• [EXERCISE DIRECTIONS]
Extract the full listing verbatim and drop any pictures from your copy.

• [DATA SEGMENT]
■ ■ ■ ■ ■

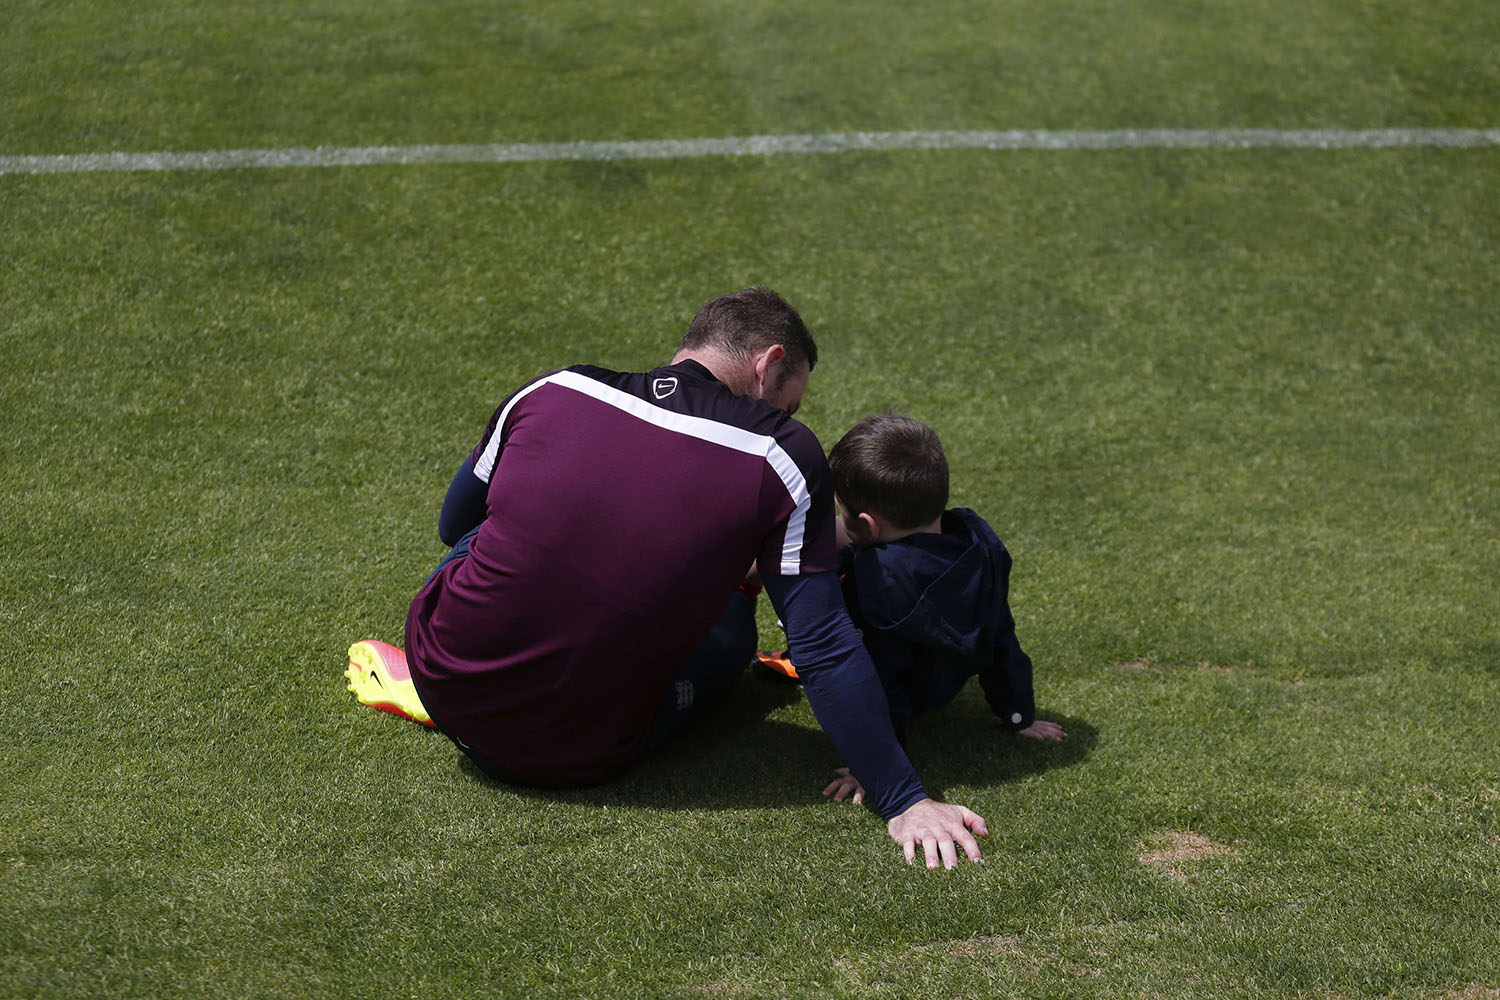 England's national soccer team player Wayne Rooney speaks with his son, Kai, after a training session in Almancil, near Faro in Portugal, on May 21, 2014.
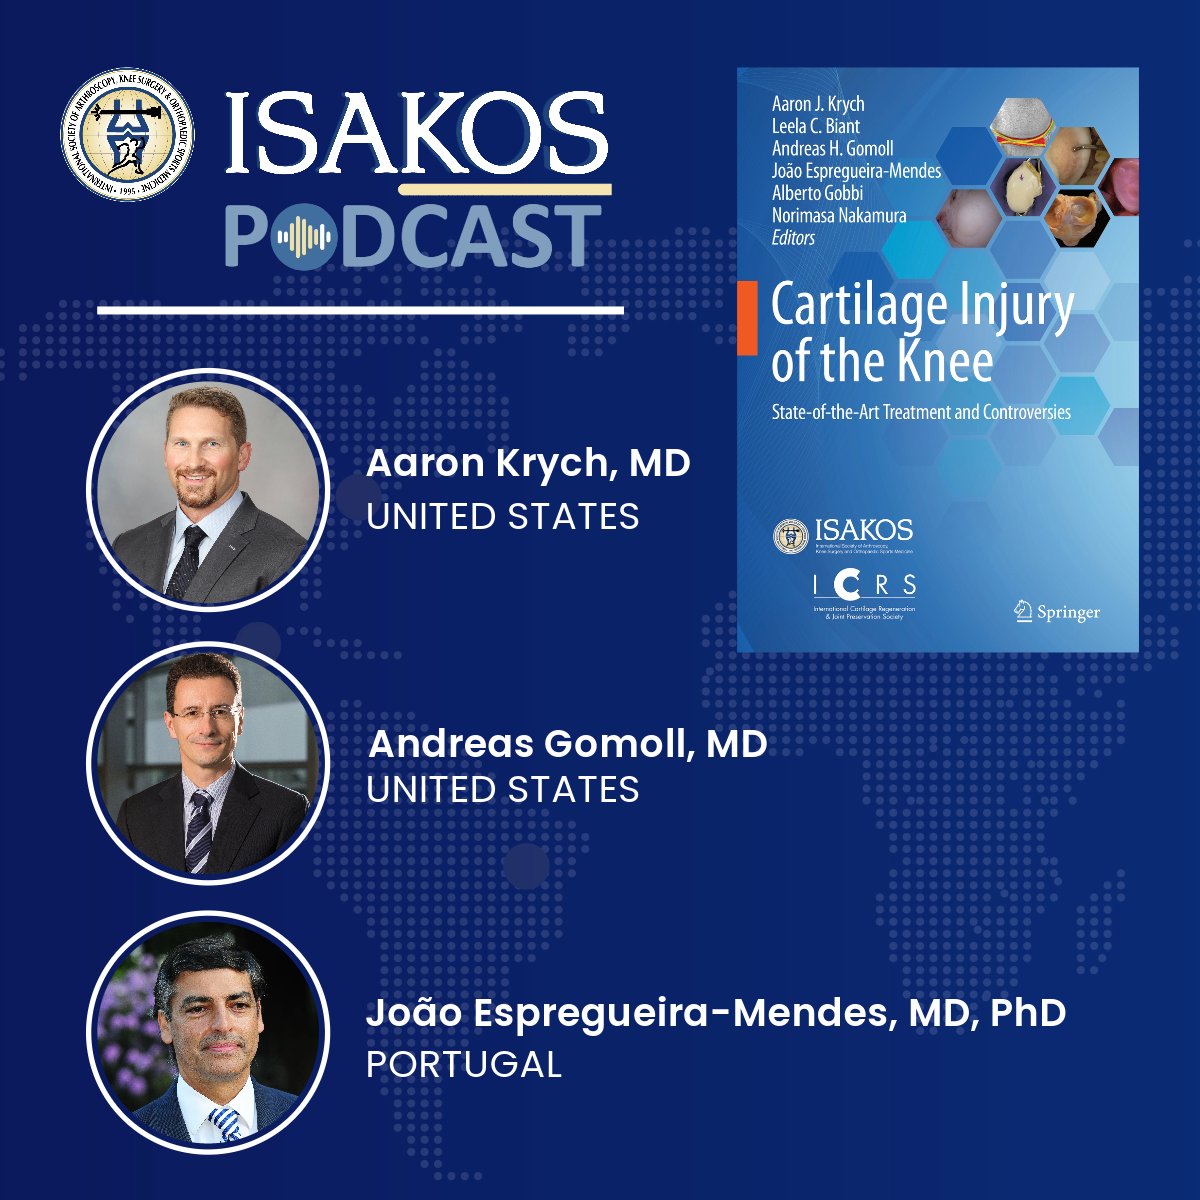 NEW! #ISAKOS Book Talk: Cartilage Injury of the Knee: State-of-the-Art Treatment and Controversies LISTEN: anchor.fm/isakos READ: isakos.com/Publications/B… @CartilageRepair @CEspregueira @DrKrych
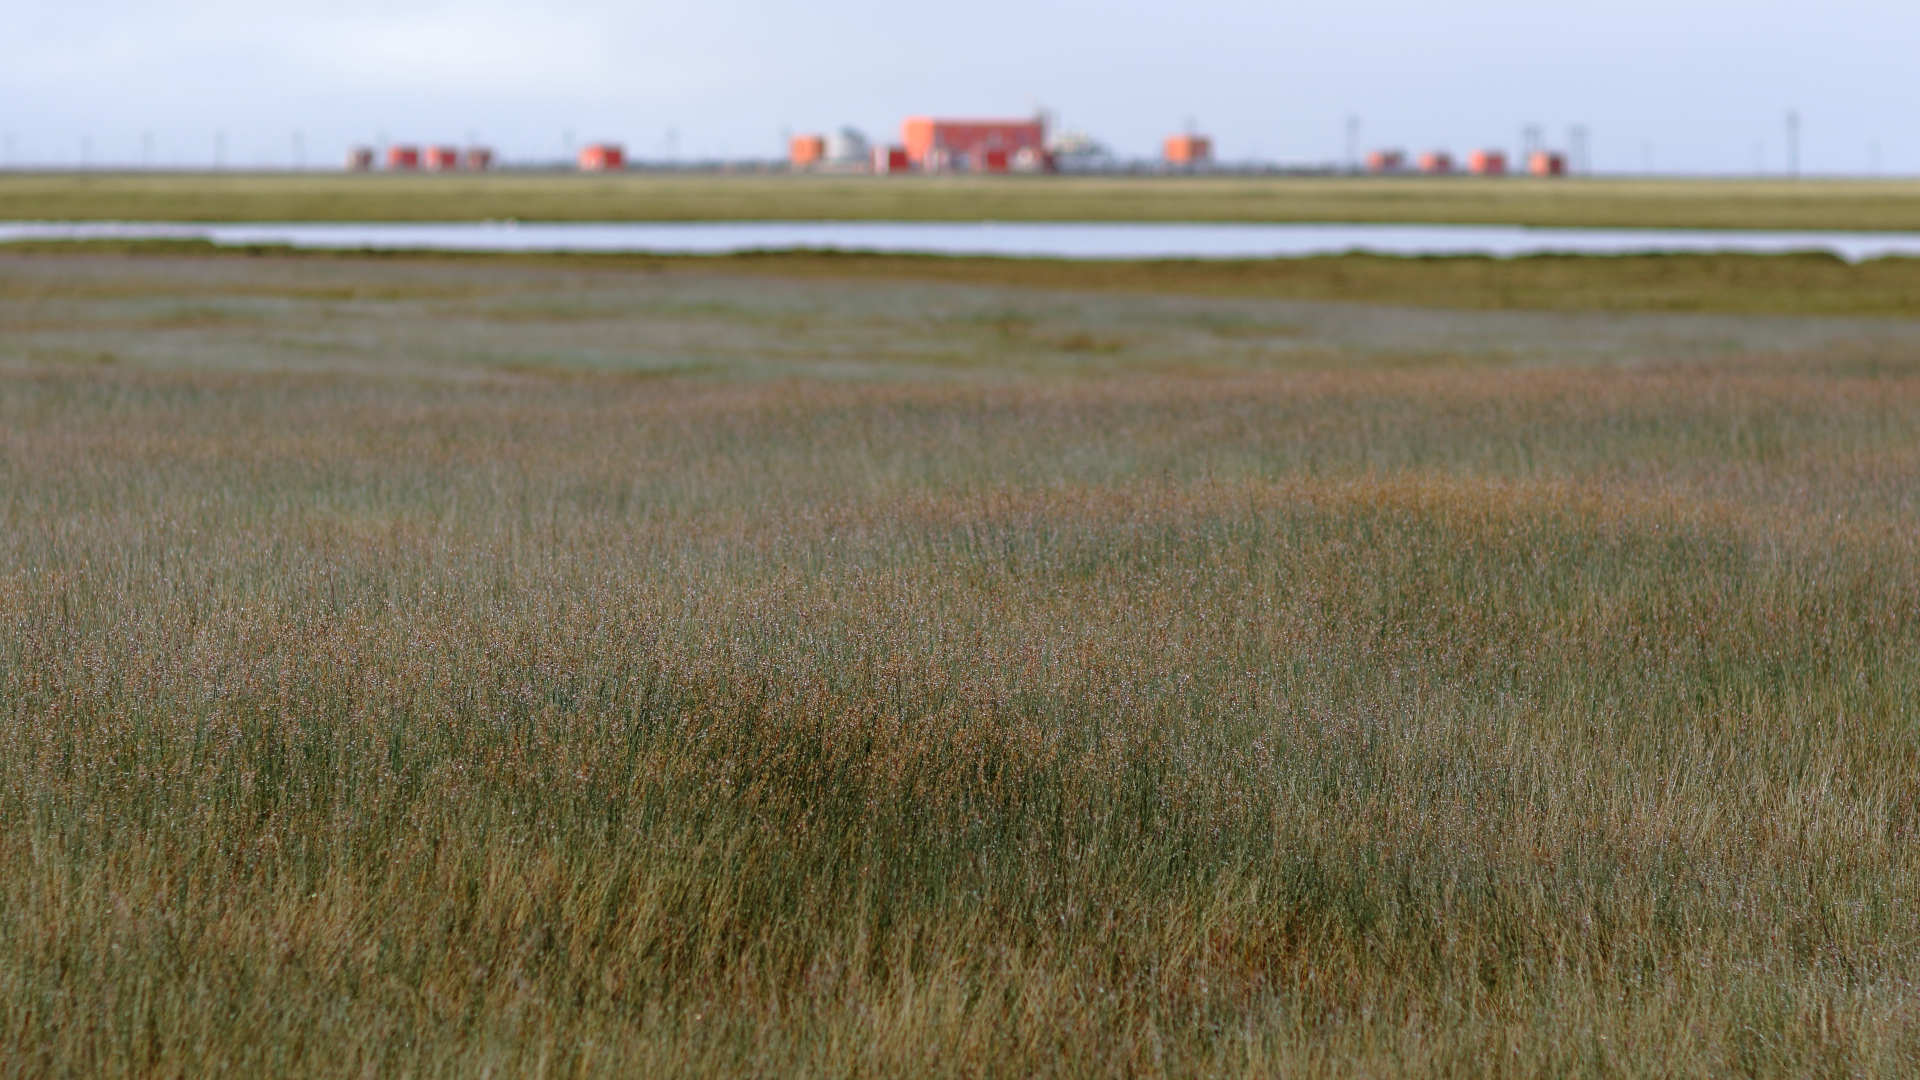 A rehabilitated drill pad (foreground) with an active pad (background). The revegetated plant community is almost exclusively grass, which differs from the original tundra system.

■ ■ ■ ■ ■

• [FINISHED TASK]
 England's national soccer team player Wayne Rooney speaks with his son, Kai, after a training session in Almancil, near Faro in Portugal, on May 21, 2014.
 NEW! #ISAKOS Book Talk: Cartilage Injury of the Knee: State-of-the-Art Treatment and Controversies LISTEN: anchor.fm/isakos READ: isakos.com/Publications/B… @CartilageRepair @CEspregueira @DrKrych
 A rehabilitated drill pad (foreground) with an active pad (background). The revegetated plant community is almost exclusively grass, which differs from the original tundra system.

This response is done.